“We appreciate the continued collaboration of FDA in assisting us to improve the availability and throughput of our COVID-19 diagnostic kit.”

By HospiMedica International staff writers
Posted on 03 Aug 2020

Applied DNA Sciences Inc. (Stony Brook, NY, USA) has been granted Emergency Use Authorization (EUA) amendment by the US Food and Drug Administration (FDA) that expands the installed base of PCR equipment platforms which can process the company’s Linea COVID-19 Assay Kit and introduces automation to significantly increase the throughput of the assay by use of robotic RNA extraction.
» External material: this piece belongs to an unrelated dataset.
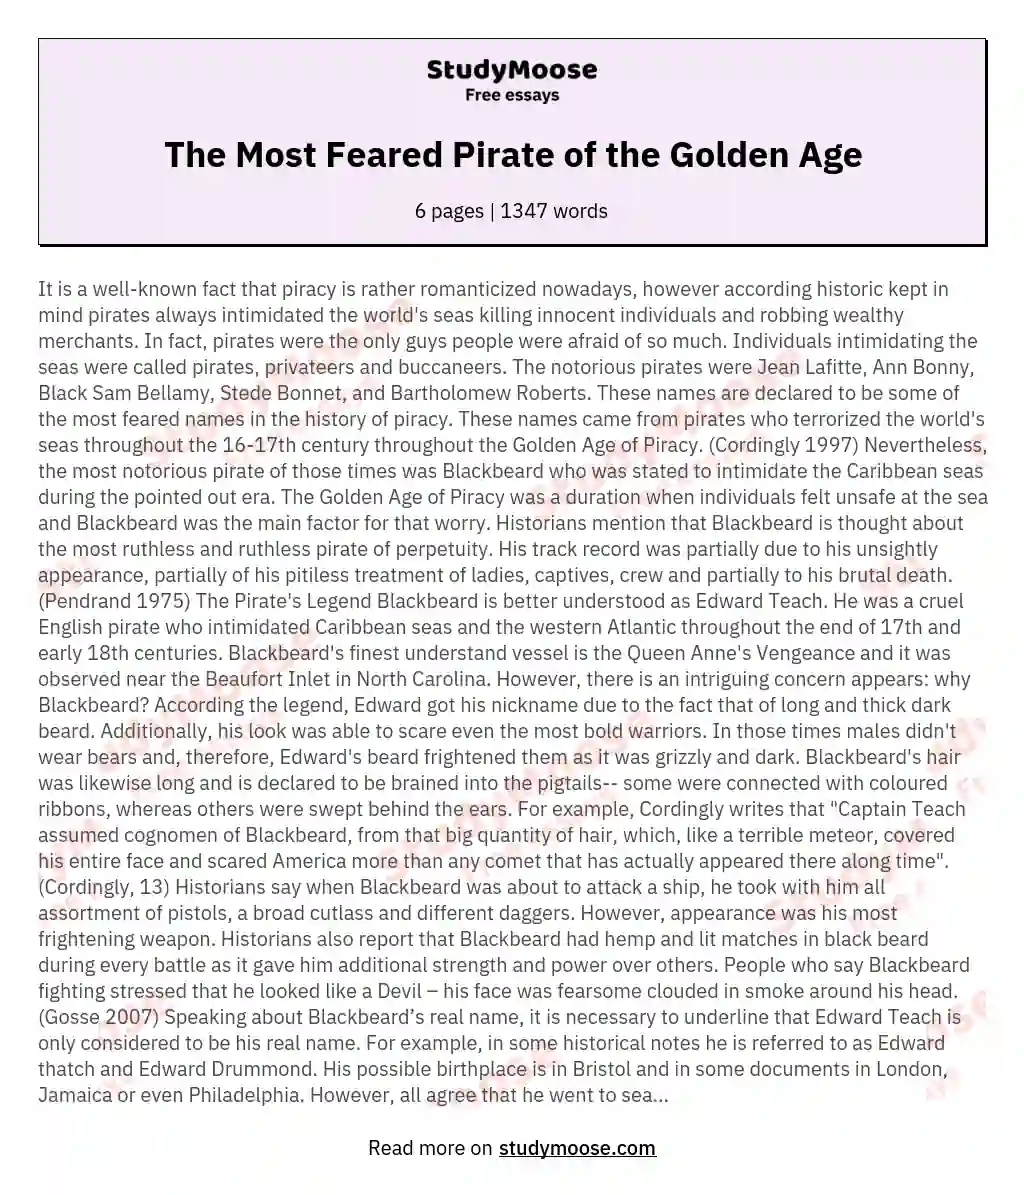 The Most Feared Pirate of the Golden Age essay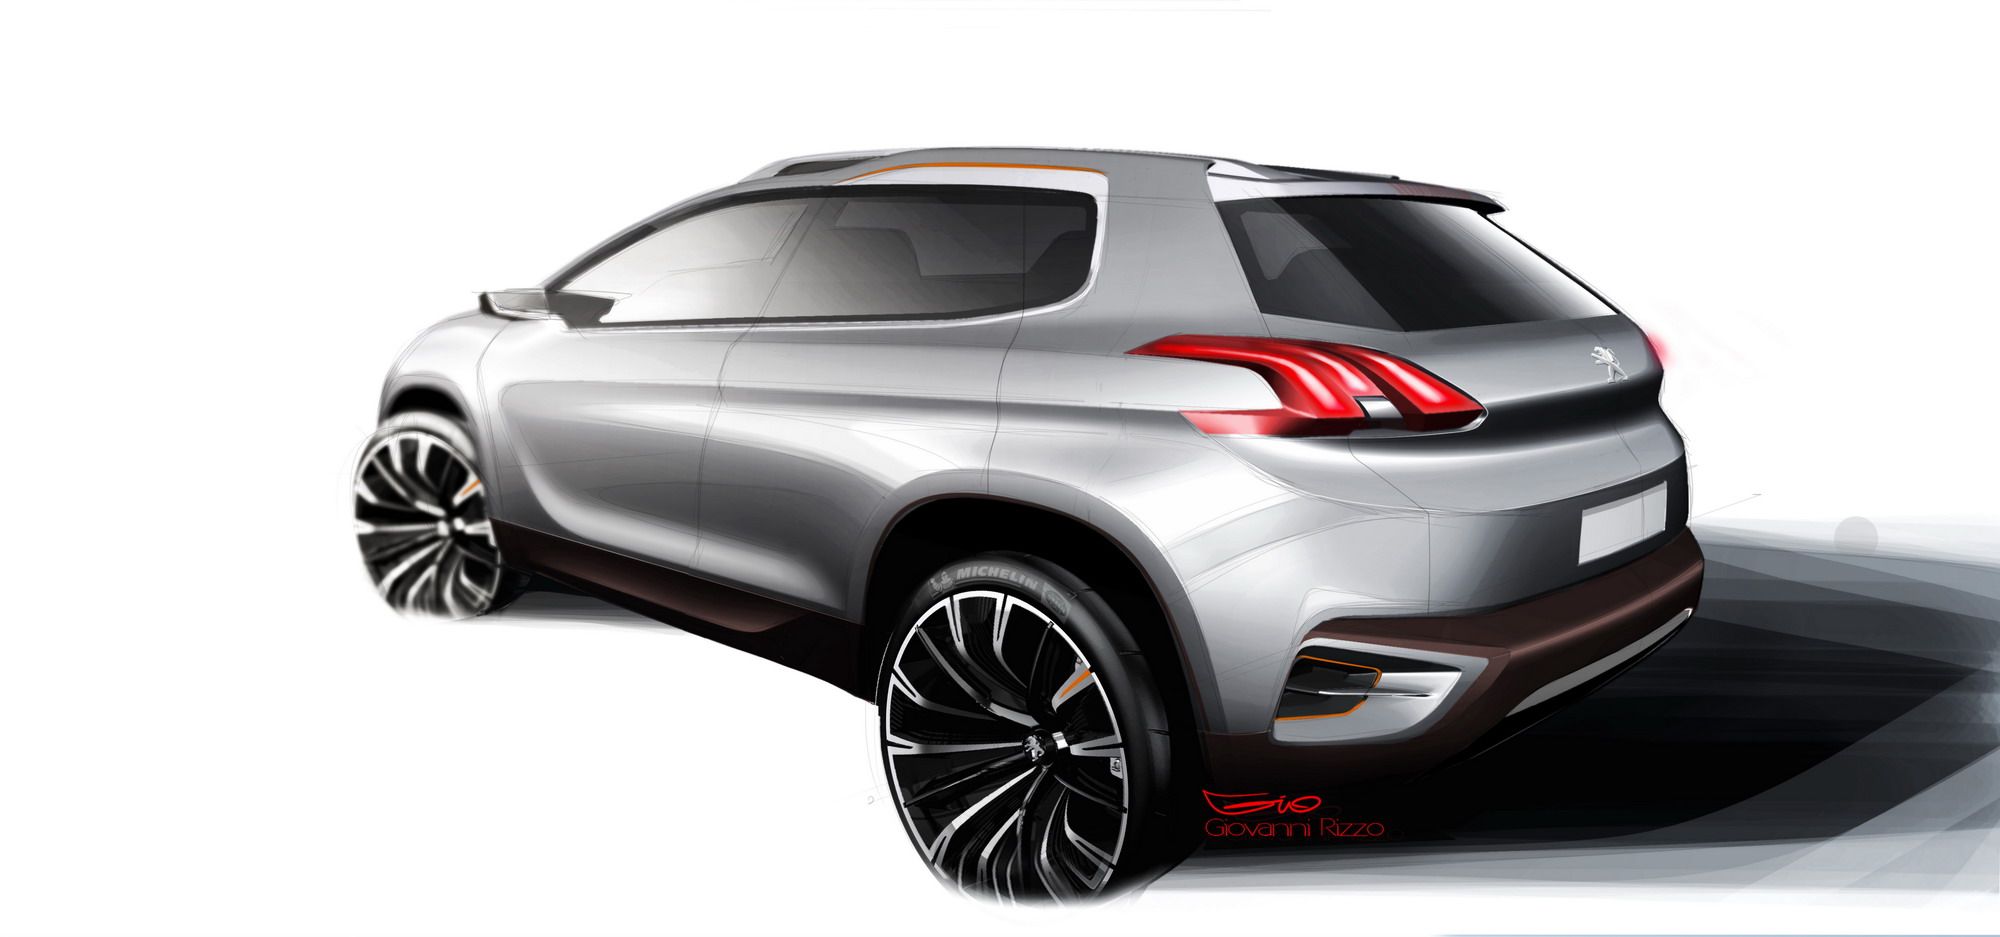 2012 Peugeot Urban Crossover Concept

The EUA amendment extends the RT-PCR platform authorization from the Applied Biosystems (ThermoFisher Scientific) QuantStudio Dx to include Applied Biosystems’ QuantStudio 5 Real-Time PCR system (QS5). The amendment also authorizes the use of the Hamilton STARlet robotic automation in conjunction with the Omega Bio-tek Mag-Bind viral RNA Express kit to speed the process of extracting viral RNA from specimens and drive greater testing throughput. The company believes the amendment can greatly enhance the efficiency of laboratories across the US who adopt the diagnostic kit while expanding by more than tenfold the target installed base of authorized RT-PCR equipment. To match the potential for higher demand, the company is increasing production of its diagnostic kit.